Moody’s eyes ‘softer’ Brexit following UK election
UK may seek inclusion in EU Single Market or customs union as result of vote
Moody’s, one of the world’s leading credit ratings agencies, said that the UK’s inconclusive election outcome last week increases the likelihood of a “softer” form of Brexit. Photograph: Scott Eells/Bloomberg
Moody’s, one of the world’s leading credit ratings agencies, said the UK’s inconclusive election outcome last week increases the likelihood of a “softer” form of Brexit.
However, the value of sterling weakened on Monday as the ratings firm also warned that the result “will complicate and probably delay Brexit negotiations” which are currently scheduled to be begin next Monday, while the emphasis on reigning in the UK’s budget deficit is expected to be given a lower priority by the next government.
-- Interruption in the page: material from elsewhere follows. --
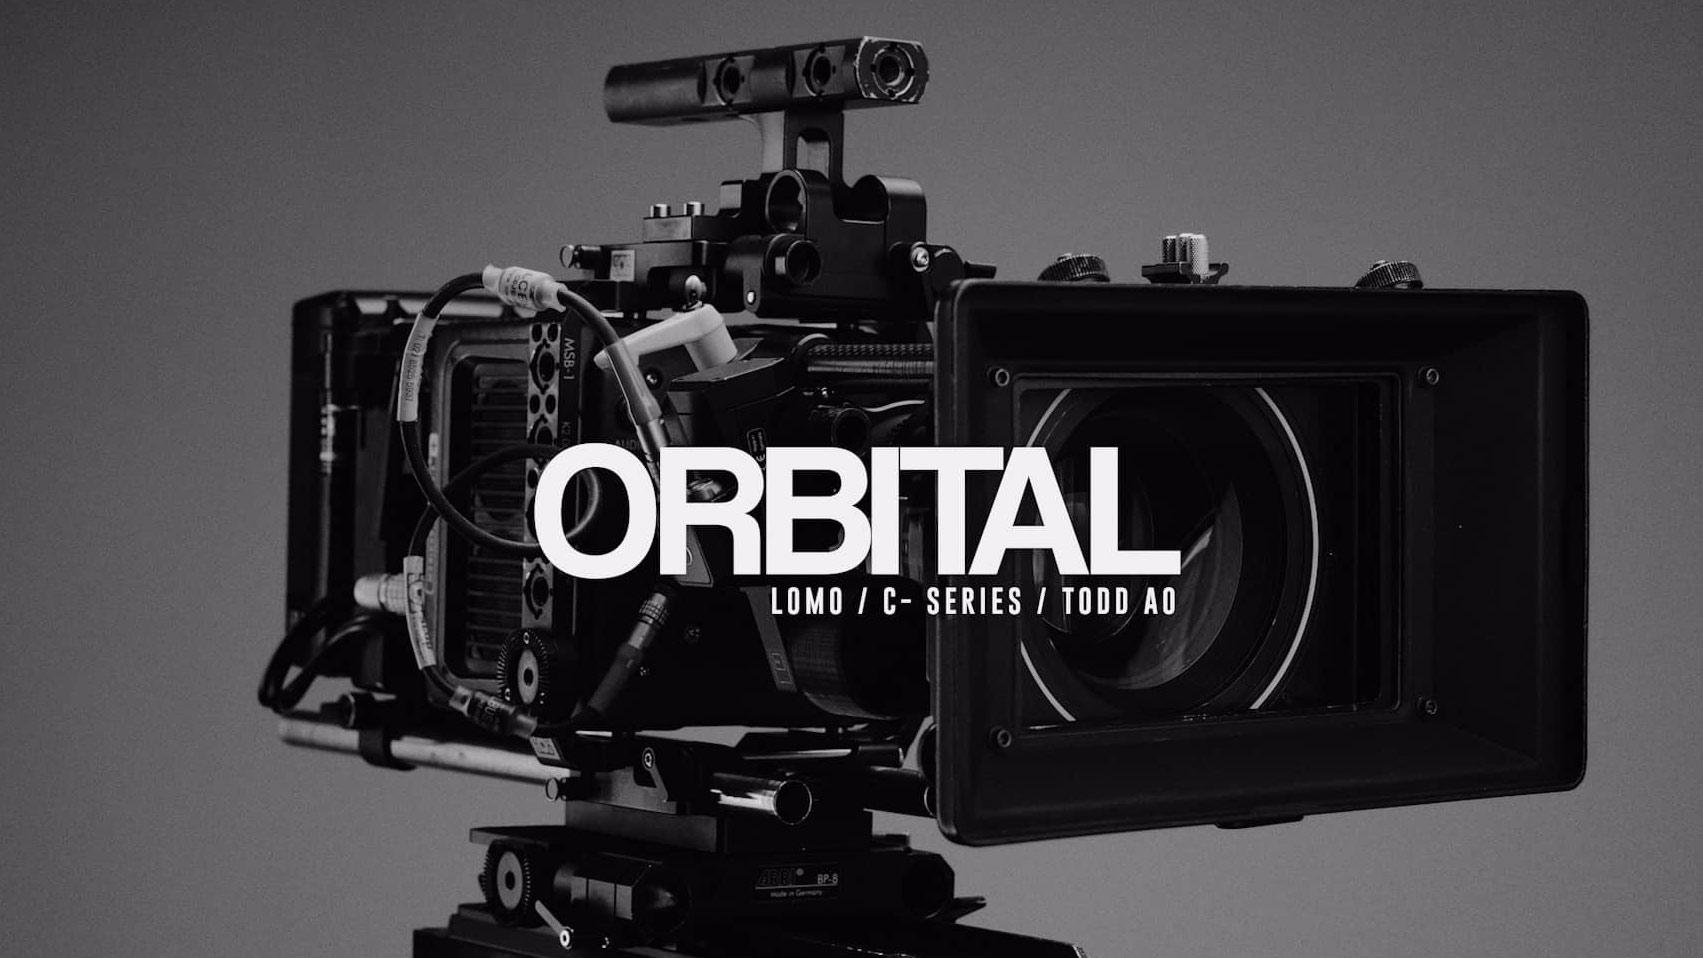 ArmaがOrbitalを発表 - Lomoと Hawk C-Seriesレンズ用フォローフォーカスシステム

Both of these are viewed by Moody’s as “credit negative”, meaning it could have an impact of the agency’s Aa1 rating on the world’s fifth largest economy. By the time European markets closed on Monday, sterling had weakened by 2.3 per cent against the dollar in the two sessions following the UK election.
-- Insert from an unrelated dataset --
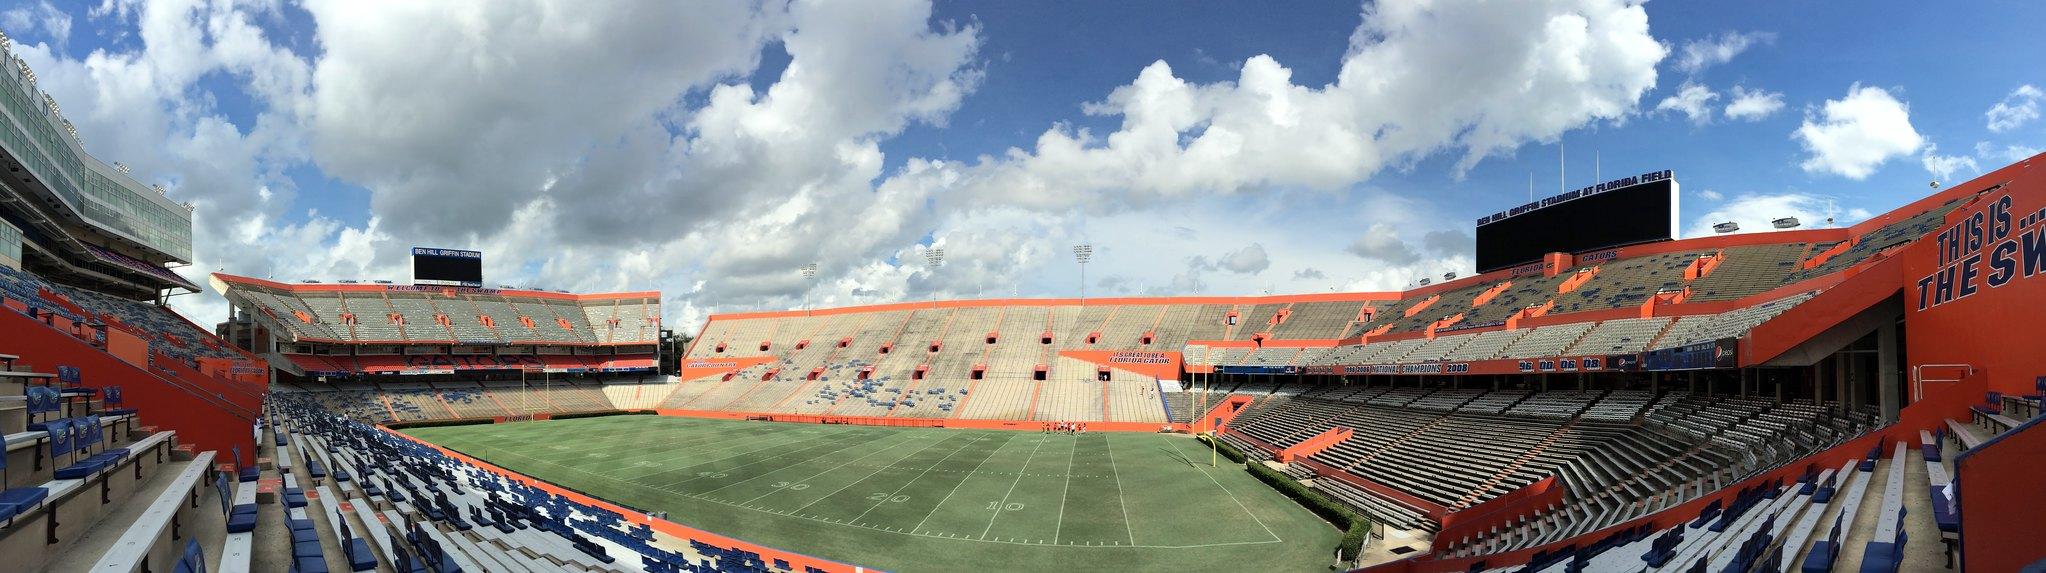 佛罗里达大学 - Gainesville - University of Florida - Ben Hill Griffin Stadium - Inside Panorama - University of Florida

On the postive side, Moody’s analysts led by Kathrin Muehlbronner, said: “While we still expect Brexit to happen and the ‘cliff’ risk of a sudden exit remains, the election result suggests an electoral shift away from the ‘hard’ Brexit that the prime minister had ostensibly sought.”
A move “towards ‘softer’ versions of Brexit”, including a request to remain inside the EU Single Market or customs union may be on the cards, according to Moody’s.
After failing to regain a majority in the House of Commons in last Thursday’s election, UK prime minister Theresa May has been forced to turn to the Democratic Unionist Party (DUP) to seek a deal to prop up a government.
The DUP, while it was alone among the main Northern Ireland parties in supporting Brexit in a referendum last year, want to prioritise maintaining a Common Travel Area between the UK and the Republic, a frictionless border with the North as well as a free trade and customs agreement with the EU.
“While the economic impact of such an outcome would be significantly less severe than the ‘hard’ Brexit pursued so far, it is still far from clear whether these are indeed realistic scenarios,” said Moody’s.
“The time frame for the UK’s withdrawal from the EU in March 2019 remains unchanged, reducing still further the time available to achieve the transition agreement needed to avoid a ’hard’ Brexit.”
Moody’s has an Aa1 rating on the UK, one level below its top-notch Aaa stance.